James L. Homire, St. Louis, Mo., Satterfield, Franklin & Harmon, Oklahoma City, for petitioner.

Arthurs & Blackstock, Bristow, Bishop & Driscoll, Seminole, for respondents.

Rainey, Flynn, Green & Anderson, Oklahoma City, Gen. Sols., A., T. & S.F. Ry. Co., amicus curiae.

Savage, Gibson, Benefield & Shelton, Oklahoma City, for Oklahoma, C., R.I. & P.R. Co., amicus curiae.

Dan M. Welch, Oklahoma City, Gen. Atty. for Oklahoma, M.-K.-T. R.R. Co., amicus curiae.

*119 WILLIAMS, Vice Chief Justice.

This is an application by petitioner for an order or writ of mandamus directed to respondent to enforce the remedial order and opinion issued by this court herein on July 13, 1954.

The pertinent facts are essentially as follows:

This action was originally instituted as an original proceeding in this court to prohibit respondent from proceeding in the cases of J.E. Murphey v. St. Louis-San Francisco Railway Company, No. 4816, in the Superior Court of Creek County, and Adolphus L. Kirk v. St. Louis-San Francisco Railway Company, No. 4815, in said court, on the ground that said court was an inappropriate and inconvenient forum for the trial of said transitory actions. In the alternative, petitioner asked this court to assume jurisdiction and issue such proper remedial order directed to respondent as might be necessary to insure uniformity of decision among the various inferior courts of record. Petitioner had filed a motion to dismiss the action on the grounds of inappropriate and inconvenient forum in each of the two cases above mentioned, which respondent court had overruled on the sole ground that it had no power to dismiss said actions on the grounds of inappropriate and inconvenient forum. In an opinion promulgated July 13, 1954, we held that respondent did have the power to dismiss said actions and issued a remedial order directing respondent to reconsider said motions to dismiss in the light of the views expressed in such opinion. Said opinion became final on November 1, 1954, and may be found at 276 P.2d 773.

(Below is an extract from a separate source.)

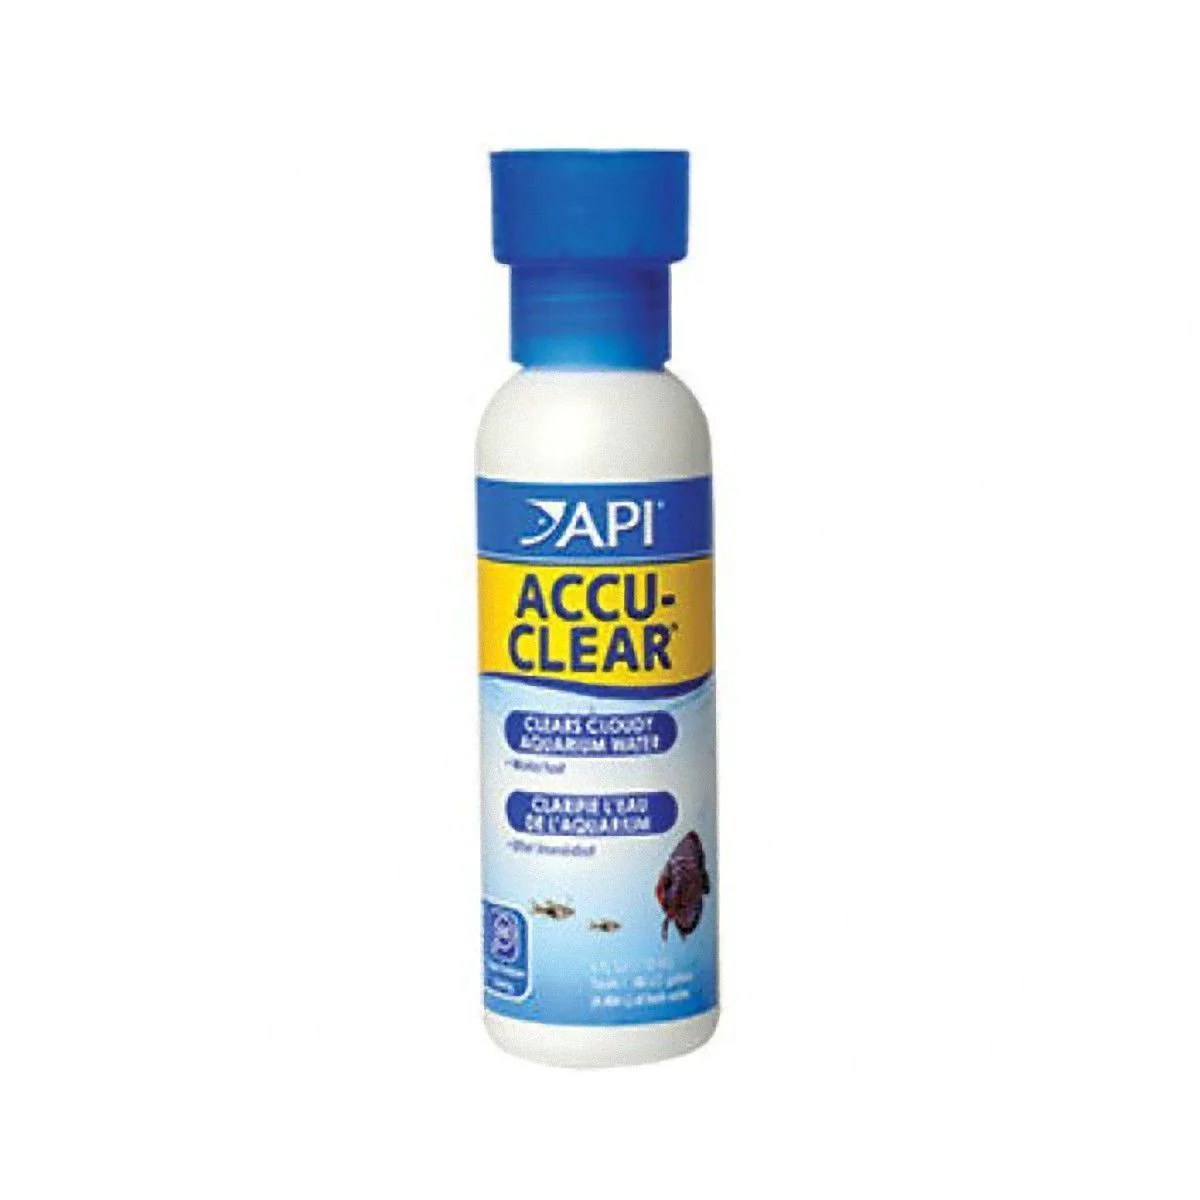 Accu-Clear

On January 5, 1955, petitioner's motions to dismiss were again considered by respondent court, at which time some additional evidence was presented. Respondent then again overruled petitioner's motions to dismiss.

Petitioner alleges that respondent overruled such motions to dismiss in complete disregard of this court's opinion and in an arbitrary, capricious and summary manner and through mistake of law and seeks enforcement of the opinion and remedial order heretofore issued, by mandamus or other appropriate writ.

Respondent judge contends that he complied with the opinion and order of this court and reconsidered the motions to dismiss in the light of such opinion, and in the exercise of his discretion and on the basis of the evidence presented determined that such motions should be denied. Respondent further contends that the decision on such motions to dismiss lies in the discretion of the trial court and that if there has been an abuse of such discretion it can be corrected only by appeal and not by mandamus.

*120 We have already determined in the previous opinion herein that the dismissal of an action on the grounds of forum non conveniens is within the discretion of the trial court but that this court will review and correct an abuse of such discretion on the part of the trial court. It now appears that we must determine how a review of the action of the trial court in such matter may be obtained.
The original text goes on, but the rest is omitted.